Rechtliche Beurteilung

Die Revision ist unzulässig, weil die Entscheidung entgegen der Ansicht des Berufungsgerichtes nicht von der Lösung einer Rechtsfrage im Sinne des § 502 Abs 4 Z 1 ZPO abhängt: Der Oberste Gerichtshof hat bisher in ständiger Rechtsprechung und in völliger Übereinstimmung mit der Lehre (SZ 39/210; EvBl 1977/125; JBl 1982, 426; JBl 1984, 213; RdA 1984, 233; uva; Koziol-Welser, Grundriß I8 175 mwH in FN 1) ausgesprochen, daß eine Rechtsverwirkung für den österreichischen Rechtsbereich nur insoweit anzuerkennen ist, als im Verhalten des Berechtigten ein stillschweigender Verzicht (§ 863 ABGB) auf das Recht erblickt werden kann.
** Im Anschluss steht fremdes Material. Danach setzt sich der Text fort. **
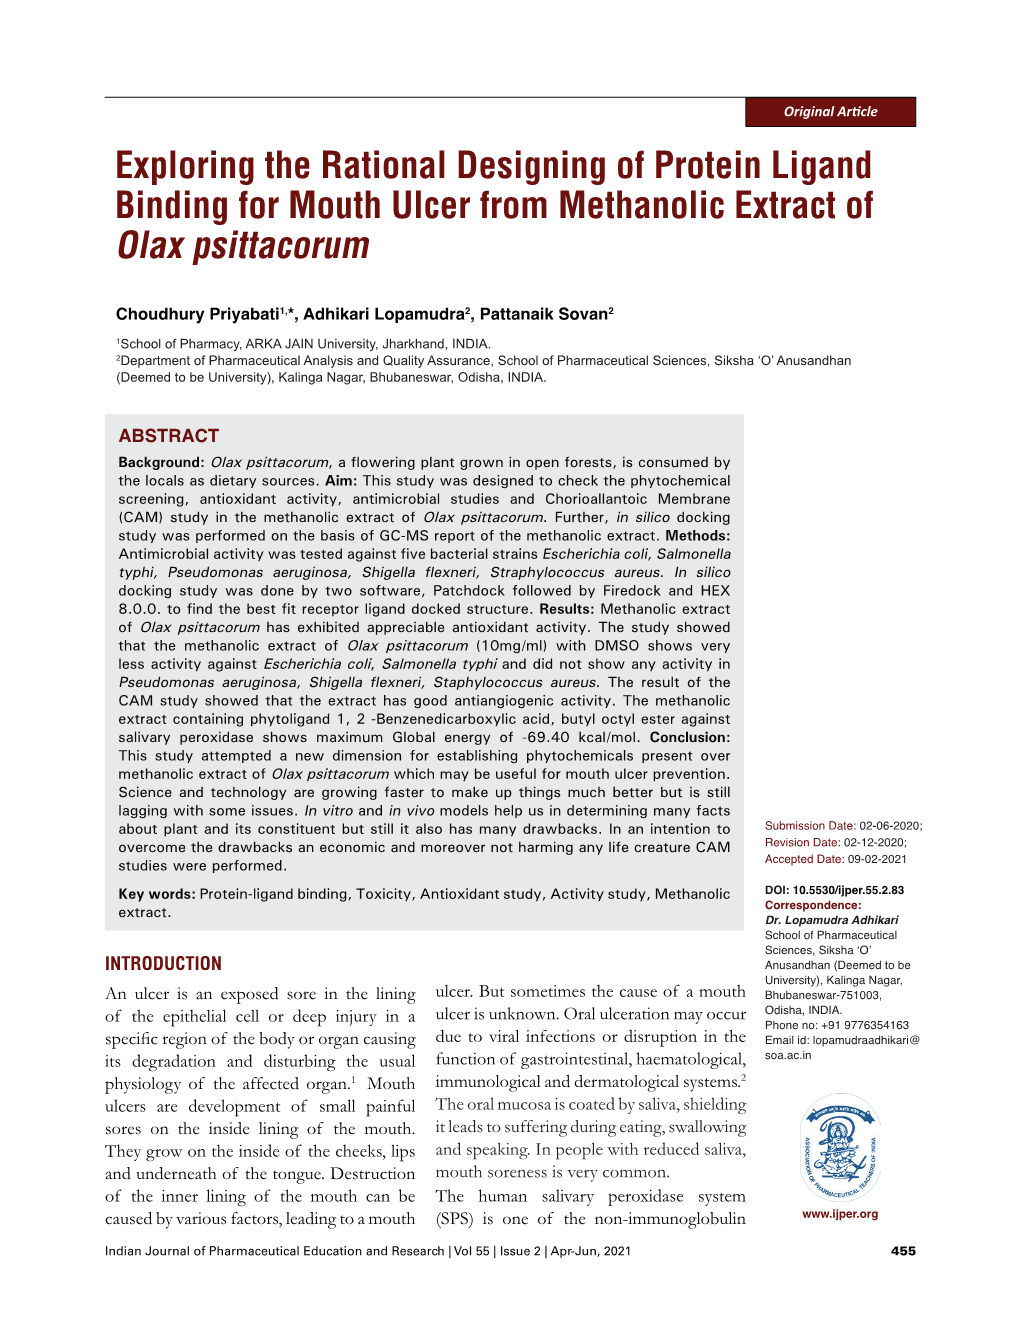 Exploring the Rational Designing of Protein Ligand Binding for Mouth Ulcer from Methanolic Extract of Olax Psittacorum
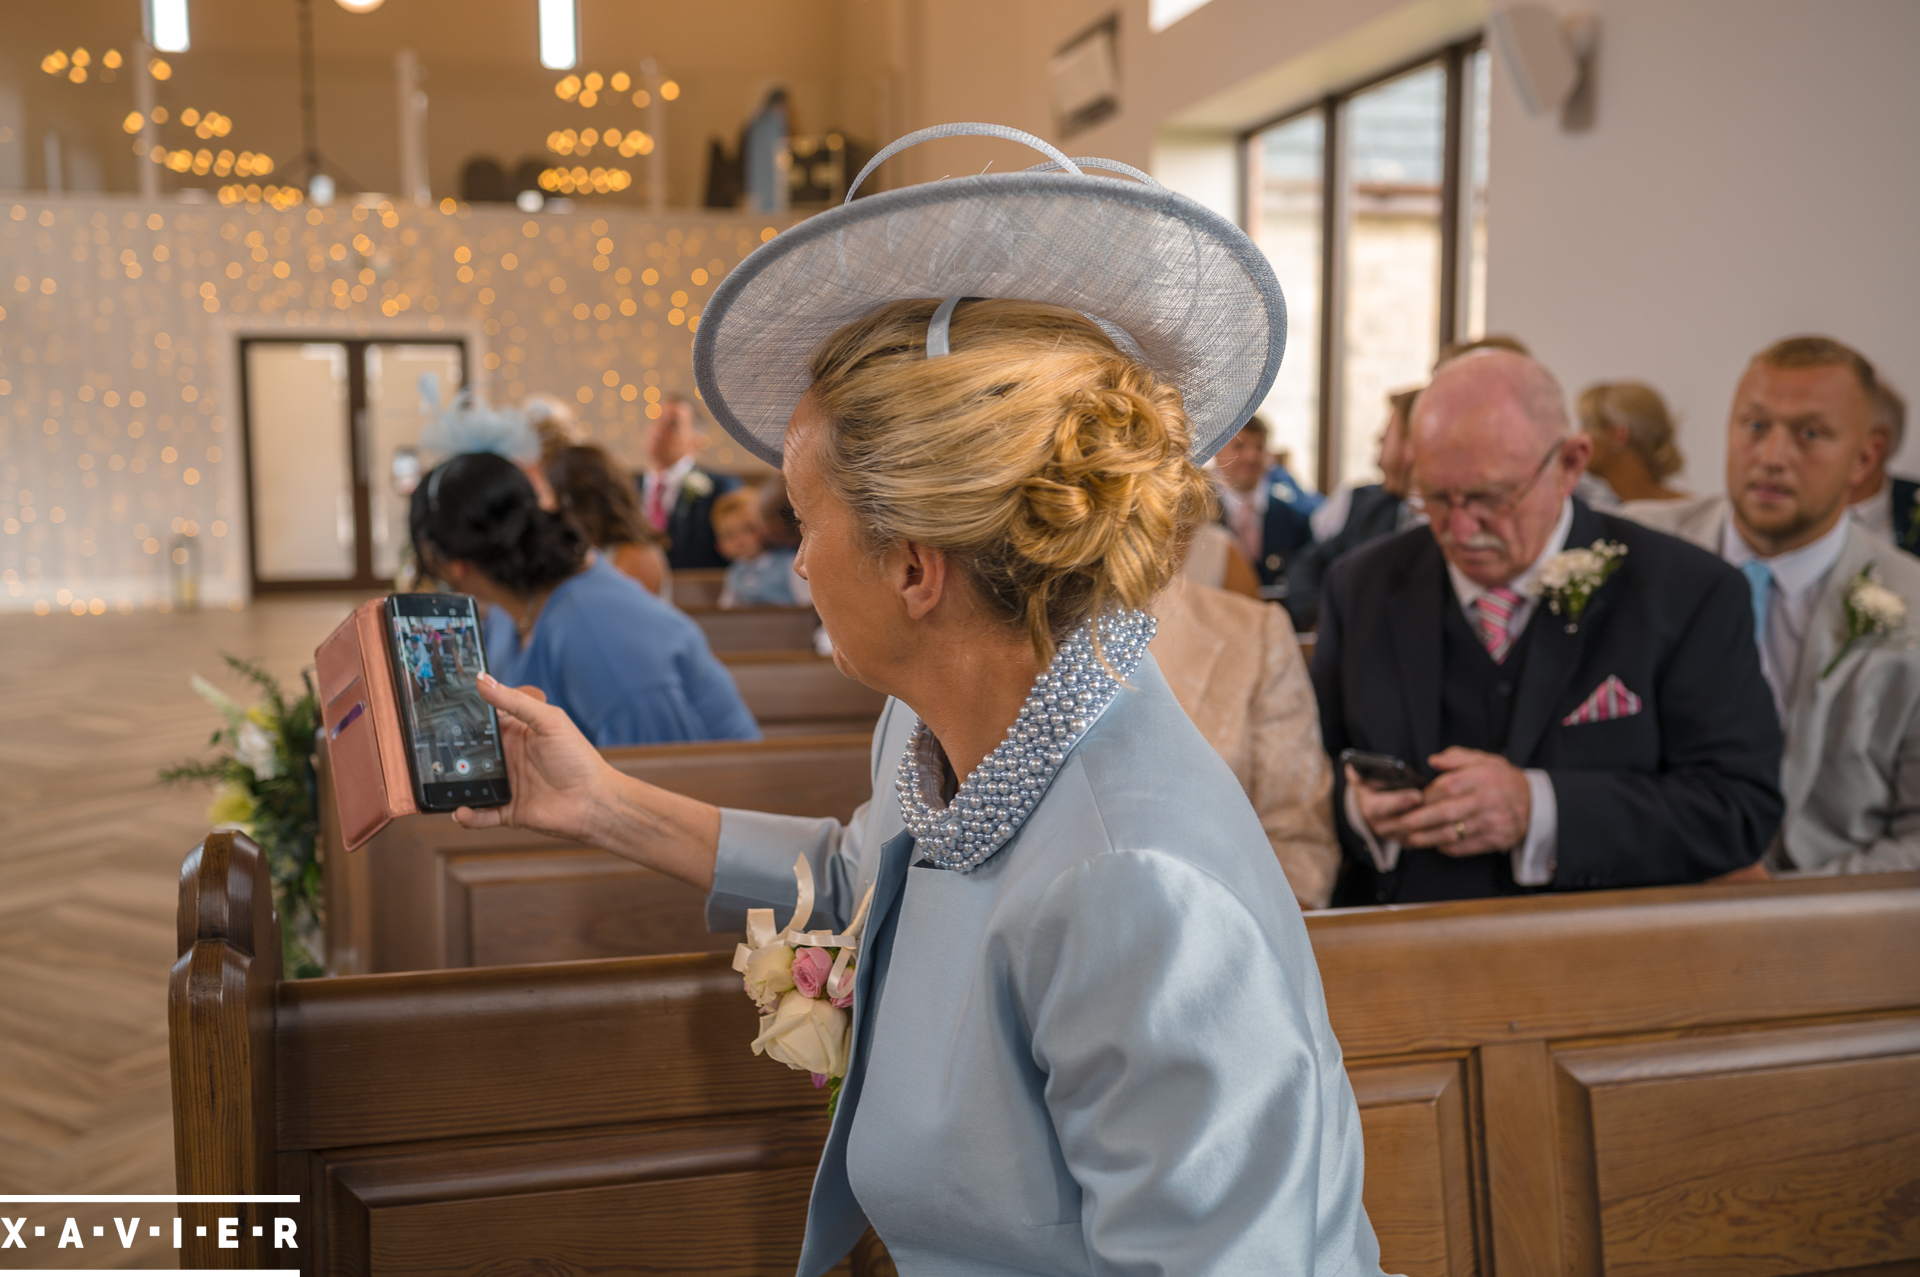 guest is holding her phone to take photos of the bride

Die Vorinstanzen haben hier ganz im Sinne der Lehre und Rechtsprechung des Obersten Gerichtshofes (SZ 52/104, SZ 54/83 uva; Koziol-Welser aaO 269) bei der Prüfung, ob ein schlüssiger stillschweigender Verzicht vorliegt, besondere Vorsicht walten lassen und diese Annahme im Zweifelsfalle verneint. Für eine solche Annahme ist nämlich unzweifelhafte Schlüssigkeit erforderlich, wie dies § 863 ABGB ausdrücklich gebietet. Der hier konkret zur Entscheidung gebrachte Sachverhalt weist keine Elemente auf, die eine über den Einzelfall hinausgehende Bedeutung für die Rechtseinheit, Rechtssicherheit oder Rechtsfortentwicklung haben können. Weder das Berufungsgericht noch der Beklagte konnten in dieser Richtung Fragen von erheblicher Bedeutung aufzeigen. Aus diesem Grunde muß die außerordentliche Revision des Beklagten als unzulässig zurückgewiesen werden. Der Antrag des Kägers auf Zuspruch der Kosten der Revisionsbeantwortung war mangels Geltendmachung des gegebenen Zurückweisungsgrundes abzuweisen.